→ EXERCISE: Pictures excluded, reproduce exactly the lines below from the one with "Yardhopp App support page on mobile screen" through the one with "Nismo Open Bottom", both included.

→ MATERIAL SHOWN:

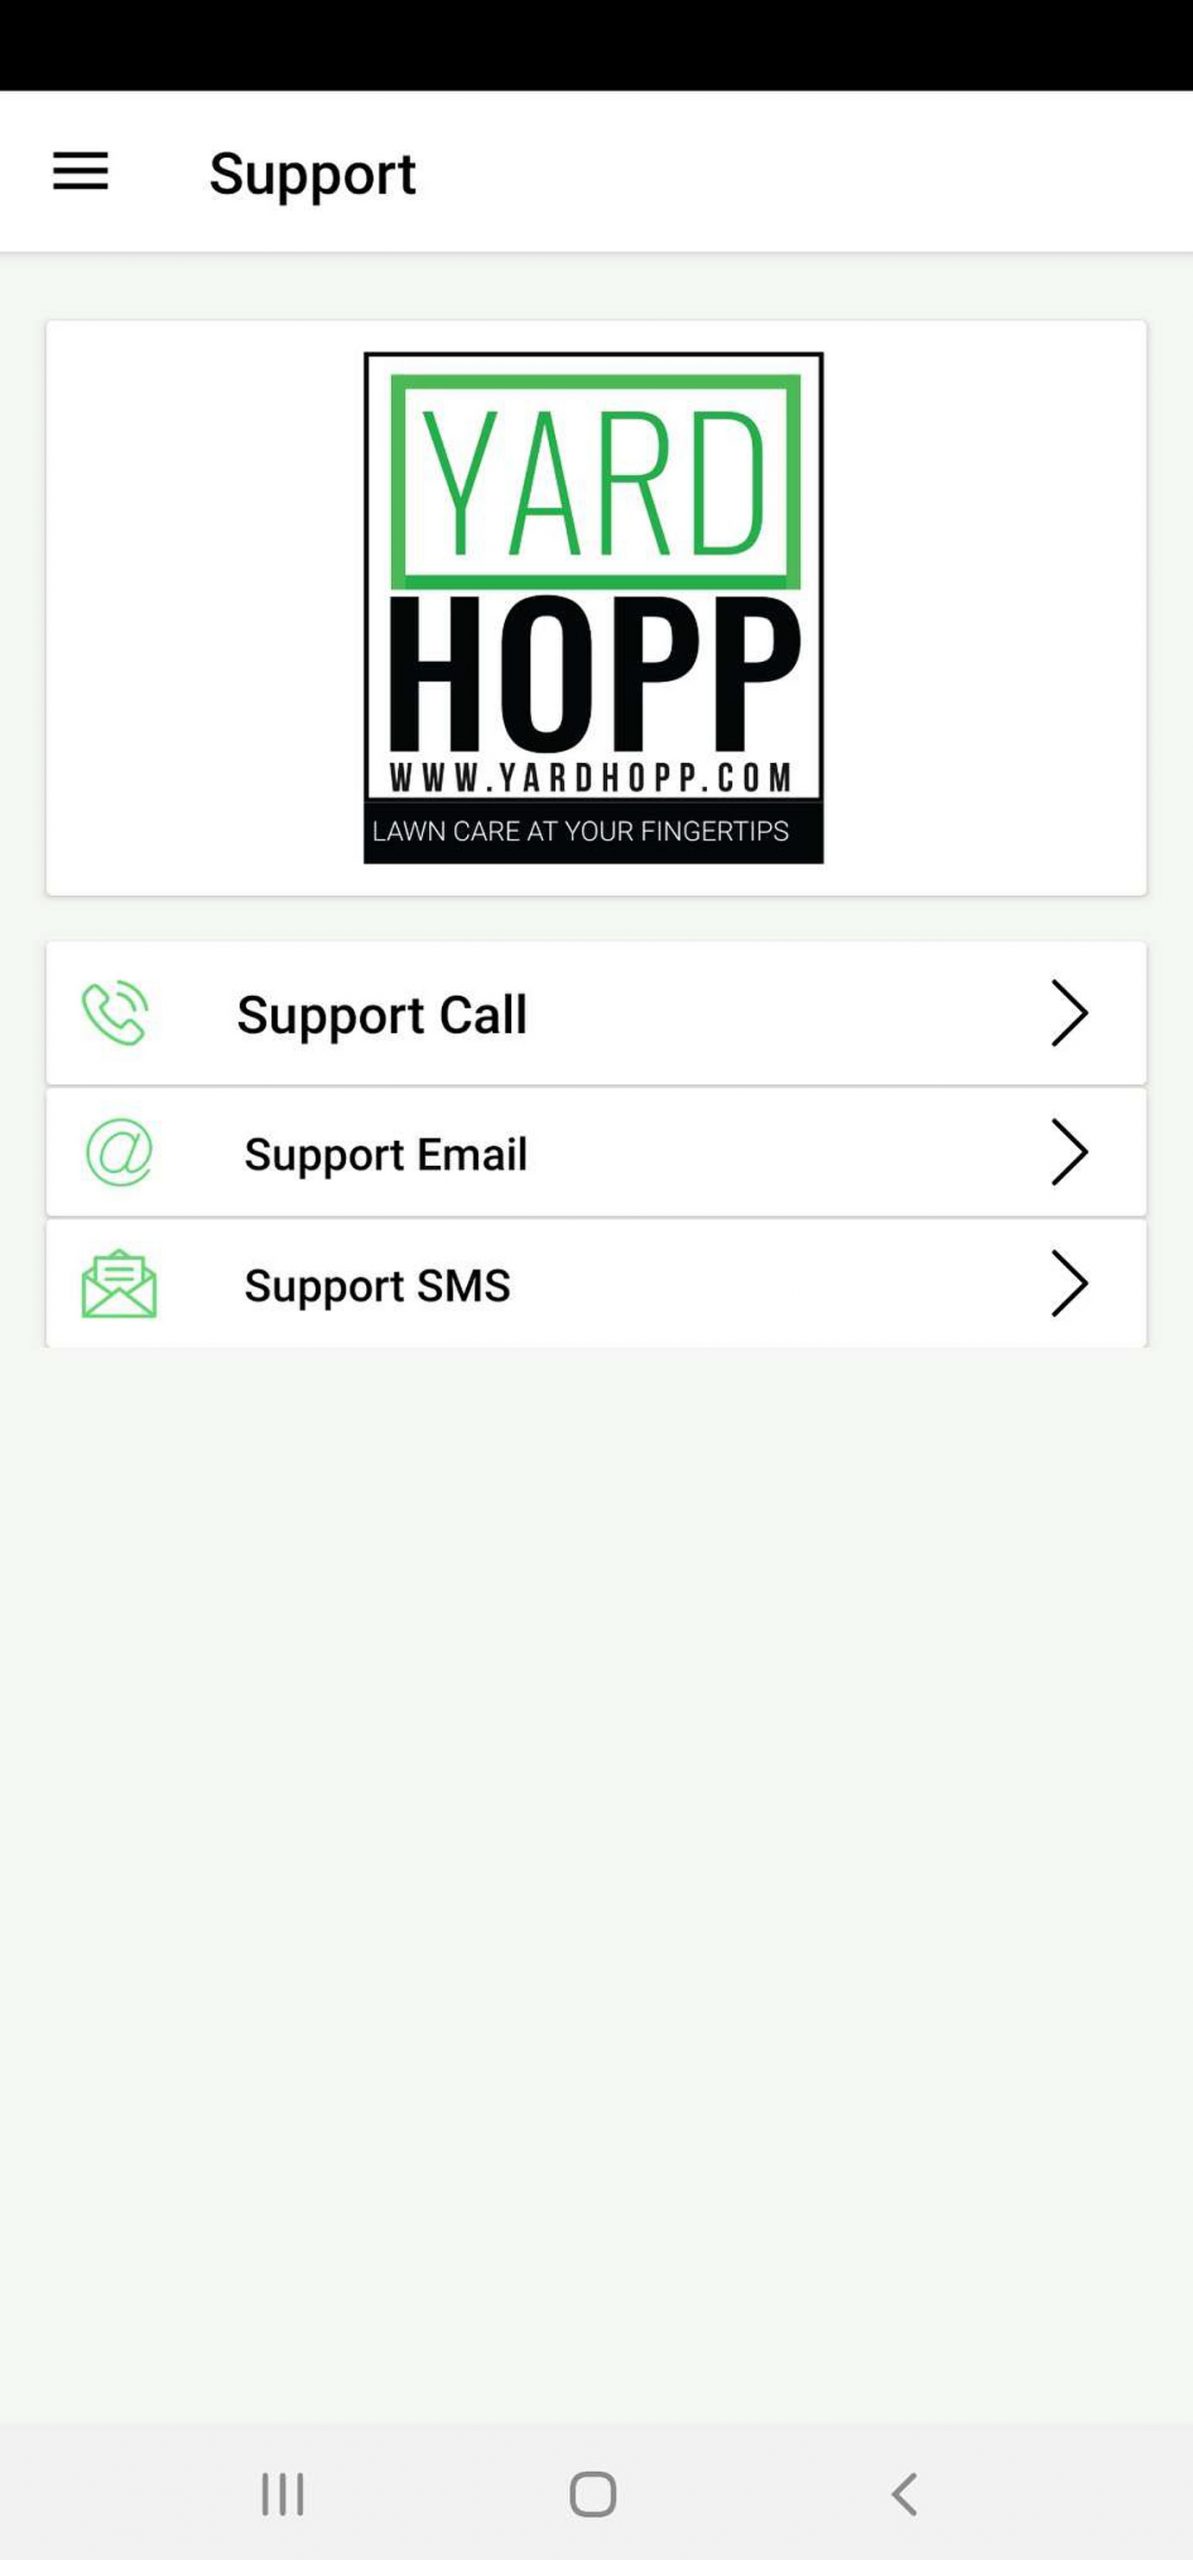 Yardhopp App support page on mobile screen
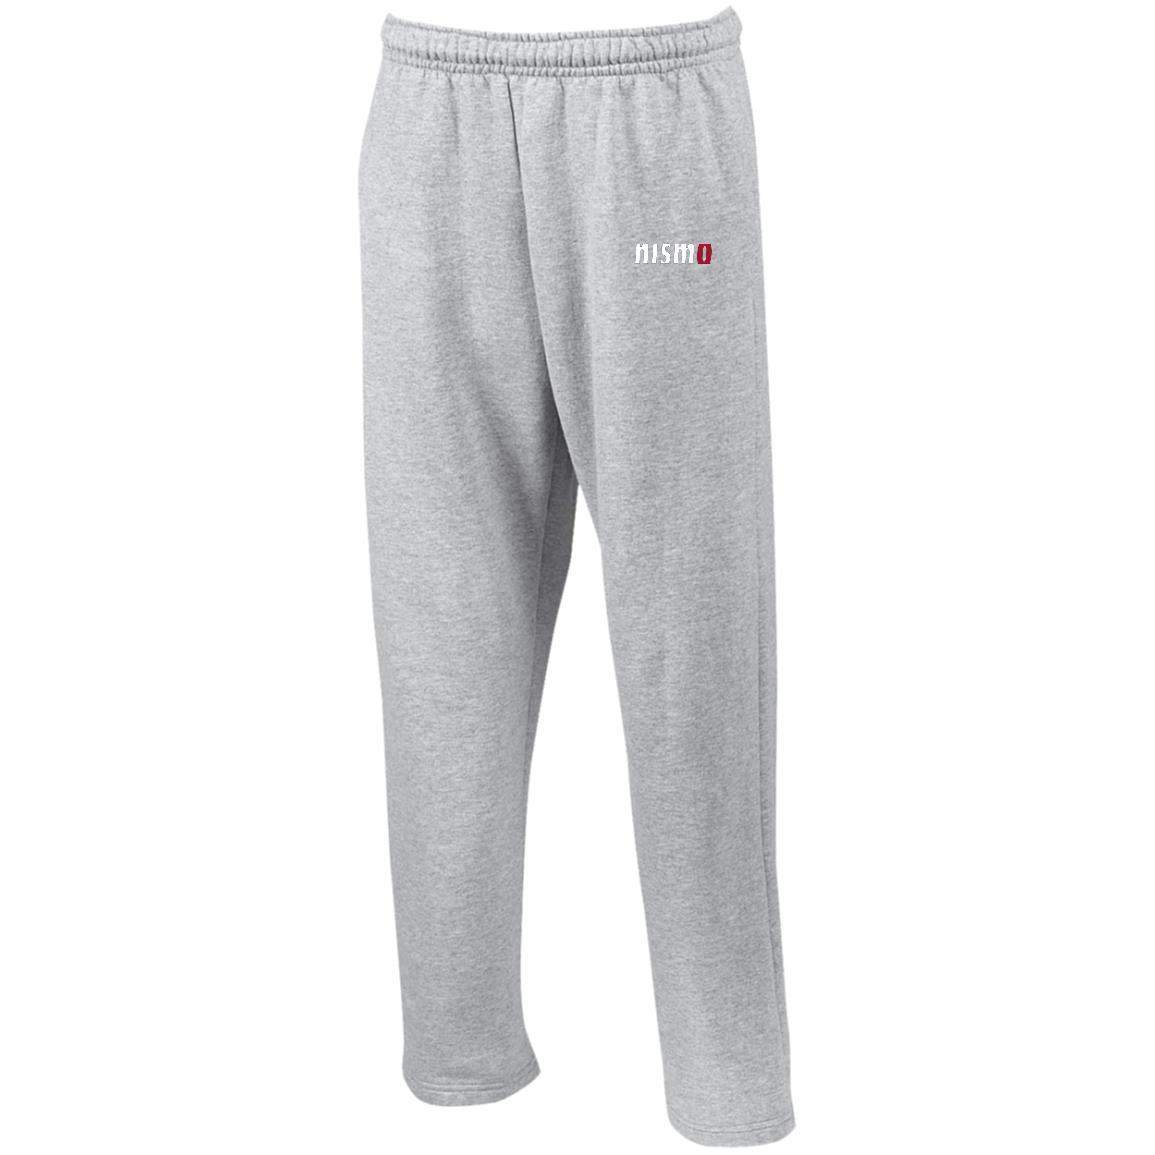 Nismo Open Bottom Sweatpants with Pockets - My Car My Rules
* * *
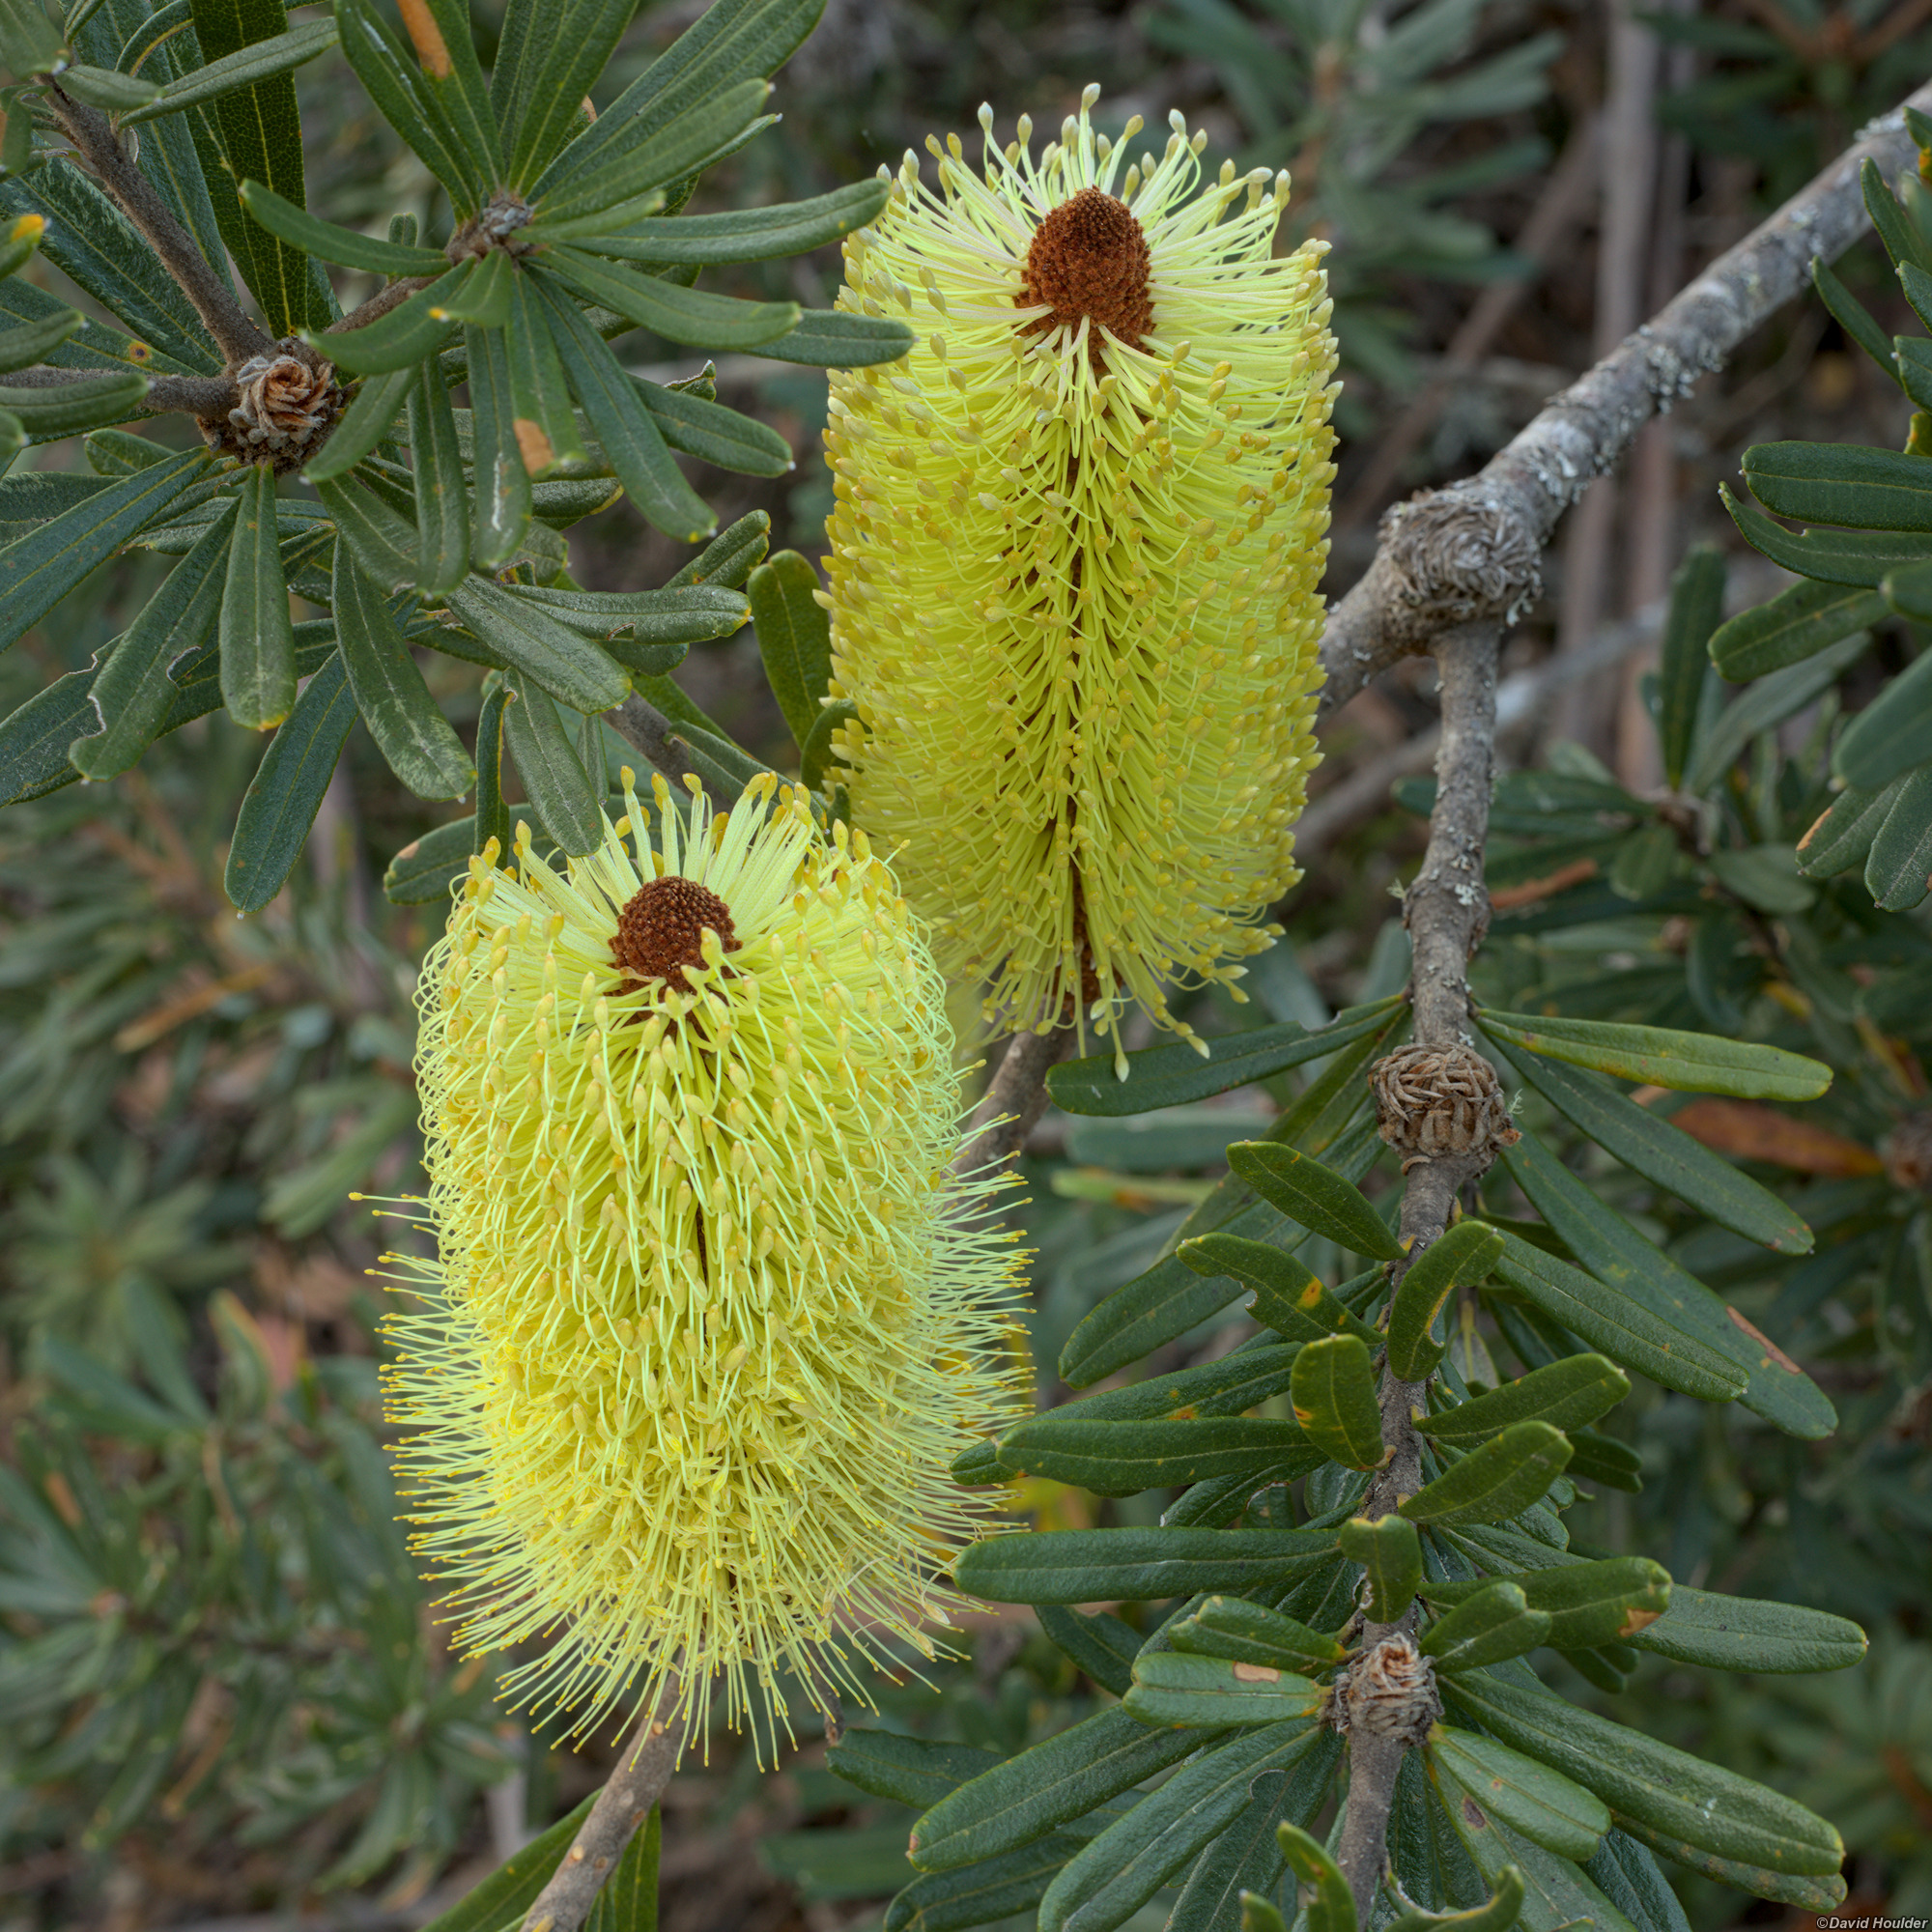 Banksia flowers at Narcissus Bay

→ OUTPUT FOR THIS EXERCISE:
 Yardhopp App support page on mobile screen
 Nismo Open Bottom Sweatpants with Pockets - My Car My Rules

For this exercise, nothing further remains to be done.